We need to use appropriate decoders based on the type of tokenizer. See the list of decoders [here](https://huggingface.co/docs/tokenizers/v0.13.4.rc2/en/api/decoders)

In [46]:
from tokenizers.decoders import WordPiece

In [47]:
bert_tokenizer.decoder = WordPiece(prefix='##')

In [48]:
plain_tokens = bert_tokenizer.decode(ids)
print(plain_tokens)

all these are so simple to do in hf. let ' s do more we have a long way to go!


<h1 style="color:Tomato;">  Pretrained Tokenizer </h1>

Finally, we need to wrap everything in a `PreTrainedTokenizer` class.

Recall that using `tokenizer.encode` returns `Encoding` with a list of attributes that includes `ids`, `ids` `tokens`, `attention_mask` and many more

In [49]:
encoding = tokenizer.encode(text)
print(encoding)

Encoding(num_tokens=16, attributes=[ids, type_ids, tokens, offsets, attention_mask, special_tokens_mask, overflowing])


In general, the model requires the `input_ids`,`attention_mask` and other model specific attributes. To get these from the `Encoding` object we need to iterate over all the `Encoding` objects corresponding to each sample in a batch. 

Here comes the `PreTrainedTokenizer` class to rescue!

In [50]:
from transformers import PreTrainedTokenizerFast

In [51]:
pt_tokenizer = PreTrainedTokenizerFast(tokenizer_file='hopper.json',
                                      unk_token='[UNK]',
                                      pad_token='[PAD]',
                                      model_input_names=["input_ids","token_type_ids","attention_mask"],
                                      )



Now we can simply call the `pt_tokenizer` with an input. See the call signature [here](https://huggingface.co/docs/transformers/v4.44.2/en/main_classes/tokenizer#transformers.PreTrainedTokenizer.__call__)

In [52]:
model_inputs = pt_tokenizer(text)
pprint(model_inputs,compact=True)

{'attention_mask': [1, 1, 1, 1, 1, 1, 1, 1, 1, 1, 1, 1, 1, 1, 1, 1],
 'input_ids': [267, 953, 333, 228, 2531, 138, 203, 154, 53, 96, 21, 459, 14, 64,
               203, 384],
 'token_type_ids': [0, 0, 0, 0, 0, 0, 0, 0, 0, 0, 0, 0, 0, 0, 0, 0]}


In [53]:
model_inputs = pt_tokenizer(text,text_pair=pair)
pprint(model_inputs,compact=True)

{'attention_mask': [1, 1, 1, 1, 1, 1, 1, 1, 1, 1, 1, 1, 1, 1, 1, 1, 1, 1, 1, 1,
                    1, 1, 1, 1],
 'input_ids': [267, 953, 333, 228, 2531, 138, 203, 154, 53, 96, 21, 459, 14, 64,
               203, 384, 211, 247, 46, 487, 412, 138, 257, 9],
 'token_type_ids': [0, 0, 0, 0, 0, 0, 0, 0, 0, 0, 0, 0, 0, 0, 0, 0, 1, 1, 1, 1,
                    1, 1, 1, 1]}


Note that there is an additional `type id`. There are no special tokens `[CLS]:2`,`[SEP]:3` as we haven't used `bert_tokenizer`. 

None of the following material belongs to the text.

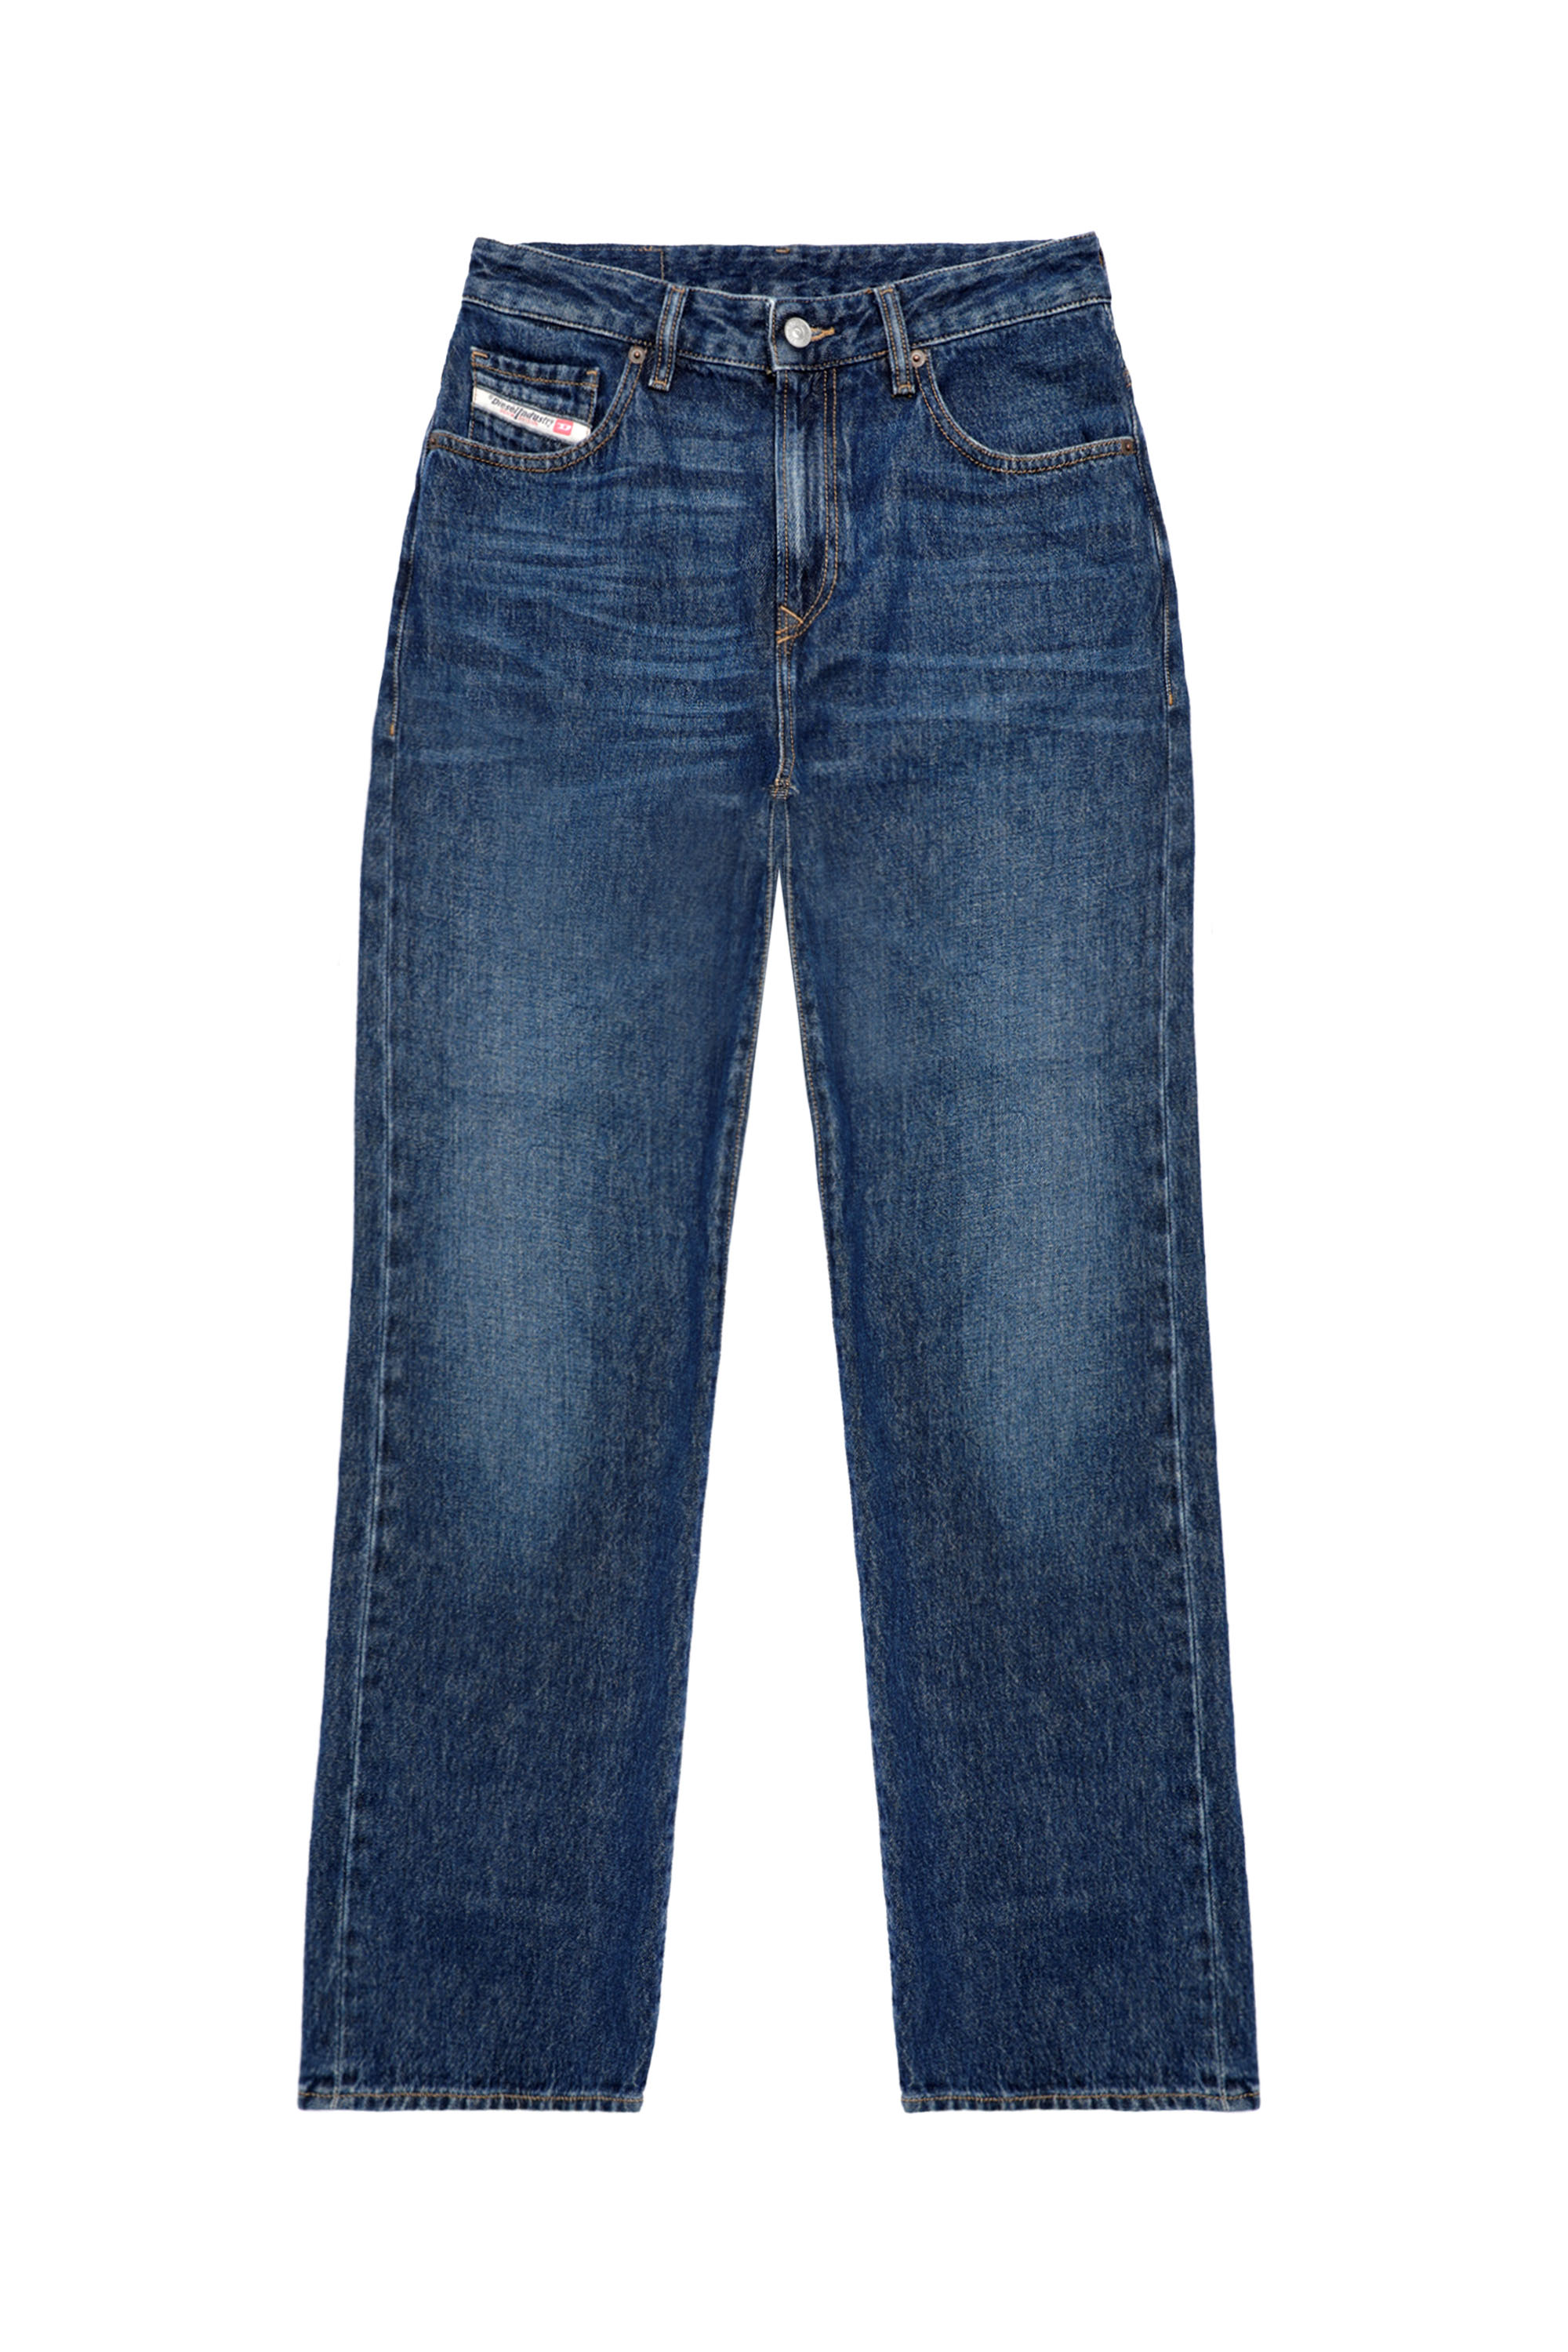 Diesel® 1999 D-Reggy | Women's Straight Jeans: Wide leg, loose fit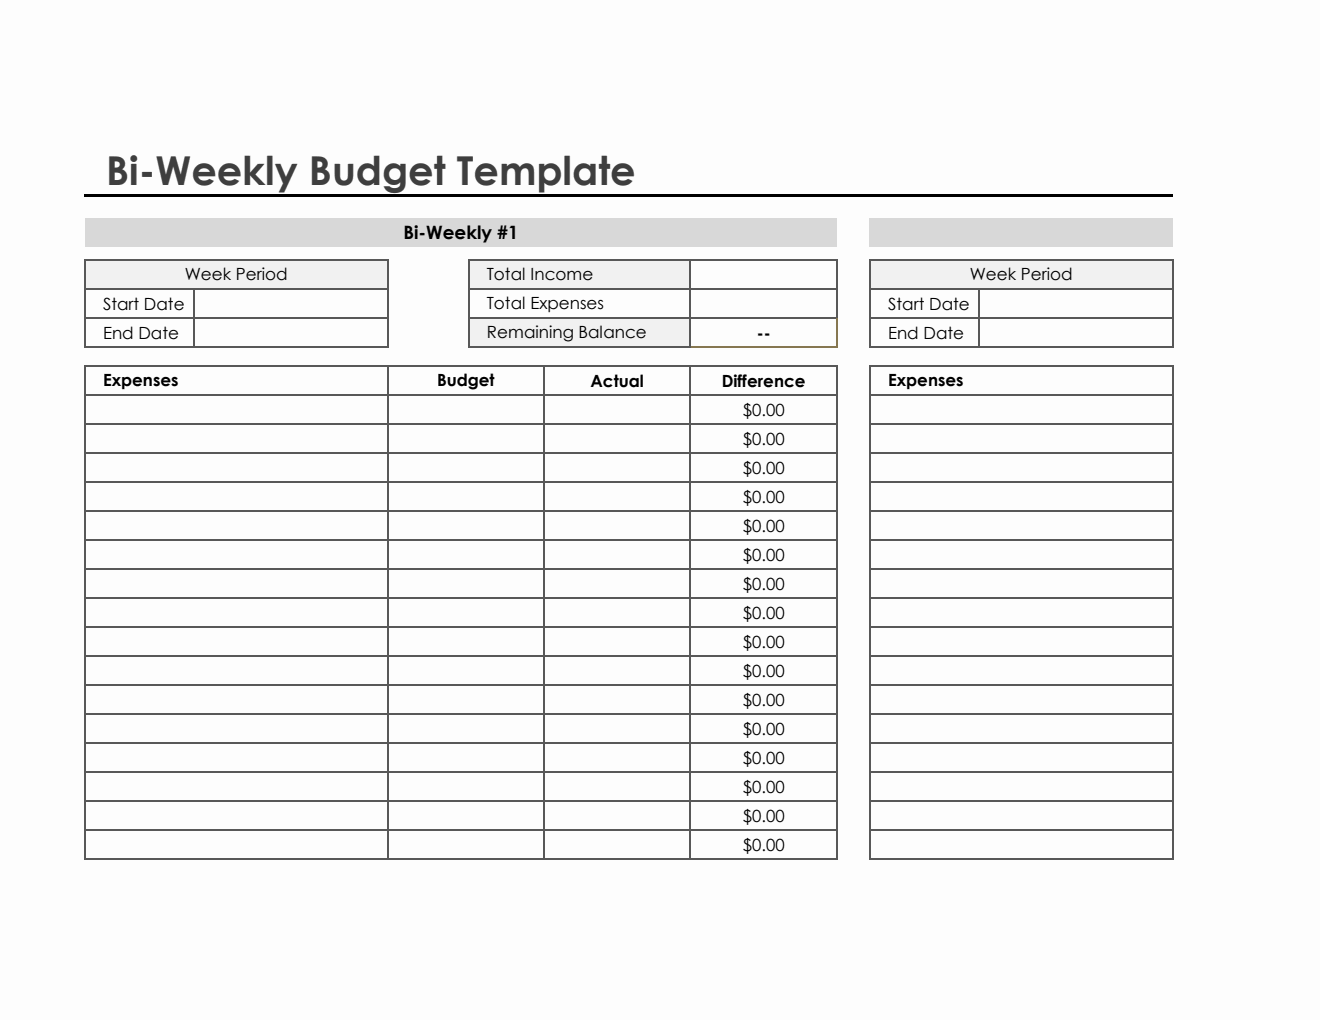 biweekly-budget-template-in-excel-simple

We can also pass a **batch** of samples and it works!

In [54]:
batch_text = ['I like the book The Psychology of Money','I enjoyed watching the Transformers movie','oh! thanks for this']

In [55]:
model_inputs = pt_tokenizer(batch_text)
pprint(model_inputs,compact=True)

{'attention_mask': [[1, 1, 1, 1, 1, 1, 1, 1], [1, 1, 1, 1, 1, 1, 1],
                    [1, 1, 1, 1, 1]],
 'input_ids': [[54, 281, 131, 1701, 131, 19478, 153, 1564],
               [54, 4096, 1443, 131, 7744, 307, 3760],
               [772, 9, 1767, 200, 254]],
 'token_type_ids': [[0, 0, 0, 0, 0, 0, 0, 0], [0, 0, 0, 0, 0, 0, 0],
                    [0, 0, 0, 0, 0]]}


Padding is not done by default so let's enable padding

In [56]:
model_inputs = pt_tokenizer(batch_text,padding=True)
pprint(model_inputs,compact=True)

{'attention_mask': [[1, 1, 1, 1, 1, 1, 1, 1], [1, 1, 1, 1, 1, 1, 1, 0],
                    [1, 1, 1, 1, 1, 0, 0, 0]],
 'input_ids': [[54, 281, 131, 1701, 131, 19478, 153, 1564],
               [54, 4096, 1443, 131, 7744, 307, 3760, 0],
               [772, 9, 1767, 200, 254, 0, 0, 0]],
 'token_type_ids': [[0, 0, 0, 0, 0, 0, 0, 0], [0, 0, 0, 0, 0, 0, 0, 0],
                    [0, 0, 0, 0, 0, 0, 0, 0]]}


We can save the pre-trained tokenizer by calling `pt_tokenizer.save('hopper')`.It will create a directory named `hopper` and store all the required files ( `tokenizer.json`, `tokenizer_config.json`, `special_tokens_map.json`)

`PreTrainedTokenizer` class implements additional methods that are useful for the model during training.

We just need to pass the `tokenizer_file` and other few arguments.

We will see how to make use of `PreTrainedTokenizer` for training a Model in the next experiment.